Proof of Theorem mulcanenq

Dummy variables 𝑏 𝑐 are mutually distinct and distinct from all other variables.

Step	Hyp	Ref	Expression
1		oveq2 7357	. . . . . . 7 ⊢ (𝑏 = 𝐵 → (𝐴 ·N 𝑏) = (𝐴 ·N 𝐵))
2	1	opeq1d 4830	. . . . . 6 ⊢ (𝑏 = 𝐵 → ⟨(𝐴 ·N 𝑏), (𝐴 ·N 𝑐)⟩ = ⟨(𝐴 ·N 𝐵), (𝐴 ·N 𝑐)⟩)
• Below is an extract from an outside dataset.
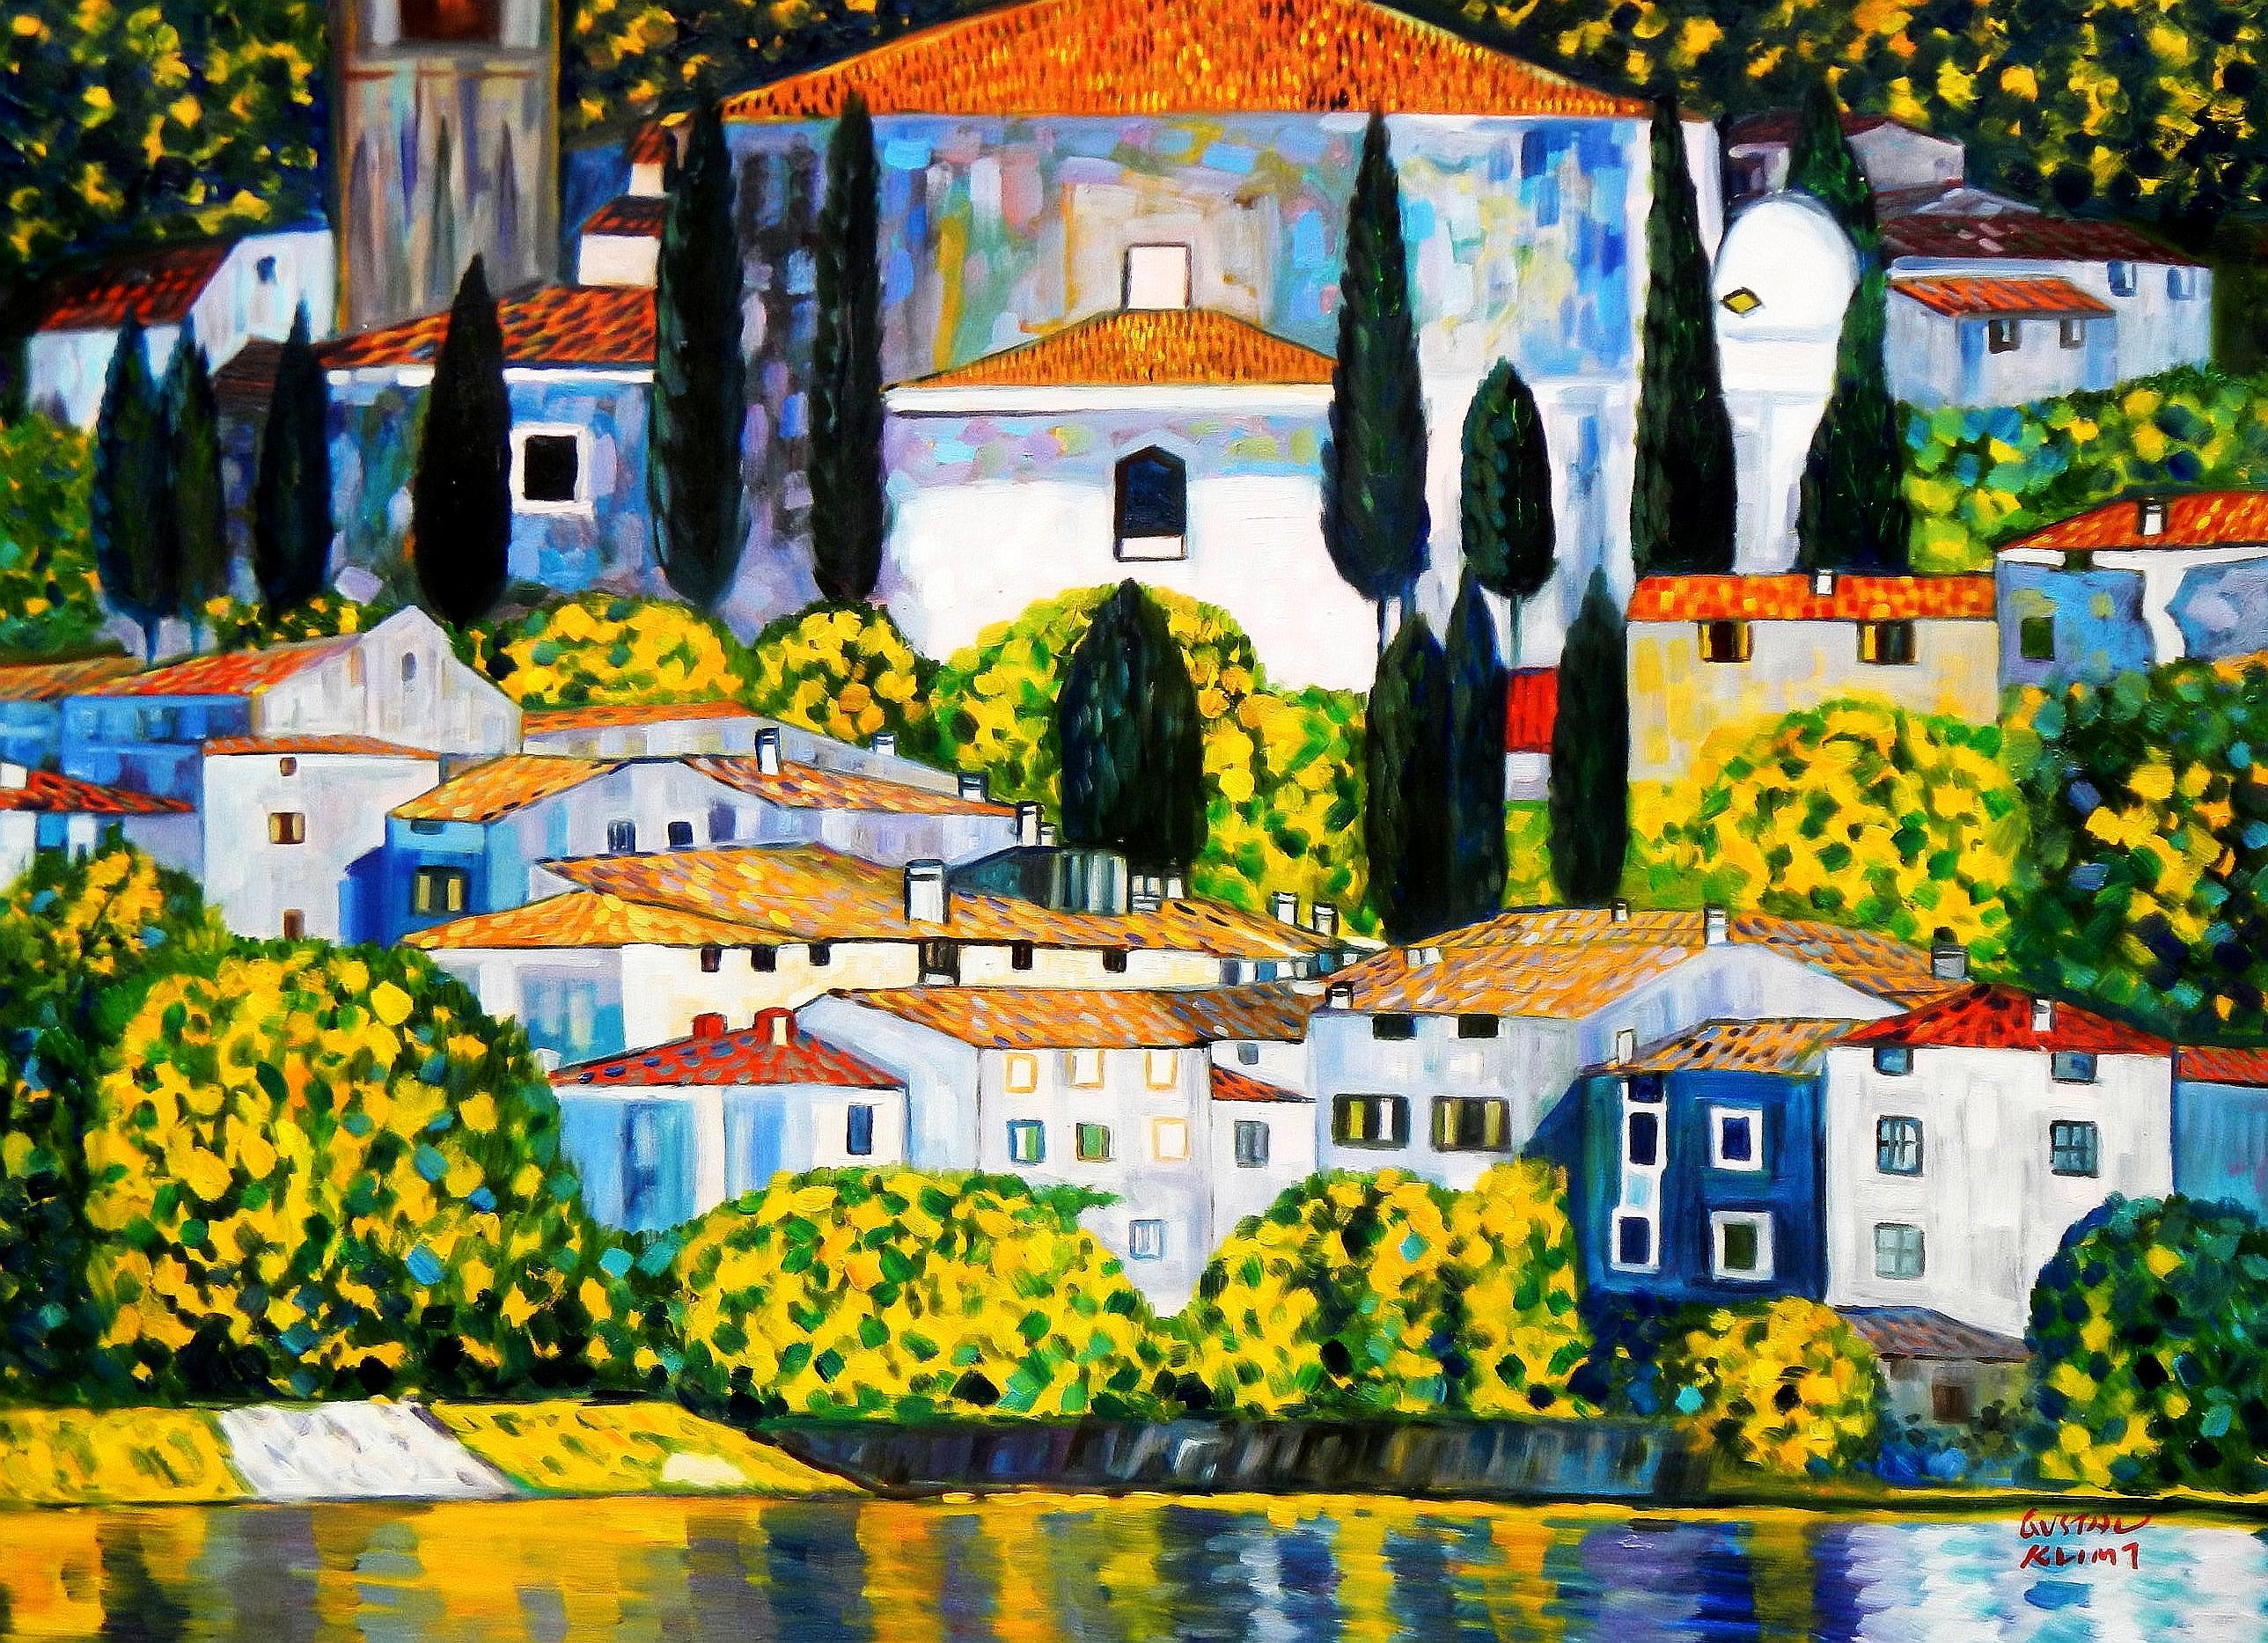 Gustav Klimt - Kirche in Cassone i94441 80x110cm Ölgemälde handgemalt

3		opeq1 4824	. . . . . 6 ⊢ (𝑏 = 𝐵 → ⟨𝑏, 𝑐⟩ = ⟨𝐵, 𝑐⟩)
4	2, 3	breq12d 5105	. . . . 5 ⊢ (𝑏 = 𝐵 → (⟨(𝐴 ·N 𝑏), (𝐴 ·N 𝑐)⟩ ~Q ⟨𝑏, 𝑐⟩ ↔ ⟨(𝐴 ·N 𝐵), (𝐴 ·N 𝑐)⟩ ~Q ⟨𝐵, 𝑐⟩))
5	4	imbi2d 340	. . . 4 ⊢ (𝑏 = 𝐵 → ((𝐴 ∈ N → ⟨(𝐴 ·N 𝑏), (𝐴 ·N 𝑐)⟩ ~Q ⟨𝑏, 𝑐⟩) ↔ (𝐴 ∈ N → ⟨(𝐴 ·N 𝐵), (𝐴 ·N 𝑐)⟩ ~Q ⟨𝐵, 𝑐⟩)))
6		oveq2 7357	. . . . . . 7 ⊢ (𝑐 = 𝐶 → (𝐴 ·N 𝑐) = (𝐴 ·N 𝐶))
7	6	opeq2d 4831	. . . . . 6 ⊢ (𝑐 = 𝐶 → ⟨(𝐴 ·N 𝐵), (𝐴 ·N 𝑐)⟩ = ⟨(𝐴 ·N 𝐵), (𝐴 ·N 𝐶)⟩)
8		opeq2 4825	. . . . . 6 ⊢ (𝑐 = 𝐶 → ⟨𝐵, 𝑐⟩ = ⟨𝐵, 𝐶⟩)
9	7, 8	breq12d 5105	. . . . 5 ⊢ (𝑐 = 𝐶 → (⟨(𝐴 ·N 𝐵), (𝐴 ·N 𝑐)⟩ ~Q ⟨𝐵, 𝑐⟩ ↔ ⟨(𝐴 ·N 𝐵), (𝐴 ·N 𝐶)⟩ ~Q ⟨𝐵, 𝐶⟩))
10	9	imbi2d 340	. . . 4 ⊢ (𝑐 = 𝐶 → ((𝐴 ∈ N → ⟨(𝐴 ·N 𝐵), (𝐴 ·N 𝑐)⟩ ~Q ⟨𝐵, 𝑐⟩) ↔ (𝐴 ∈ N → ⟨(𝐴 ·N 𝐵), (𝐴 ·N 𝐶)⟩ ~Q ⟨𝐵, 𝐶⟩)))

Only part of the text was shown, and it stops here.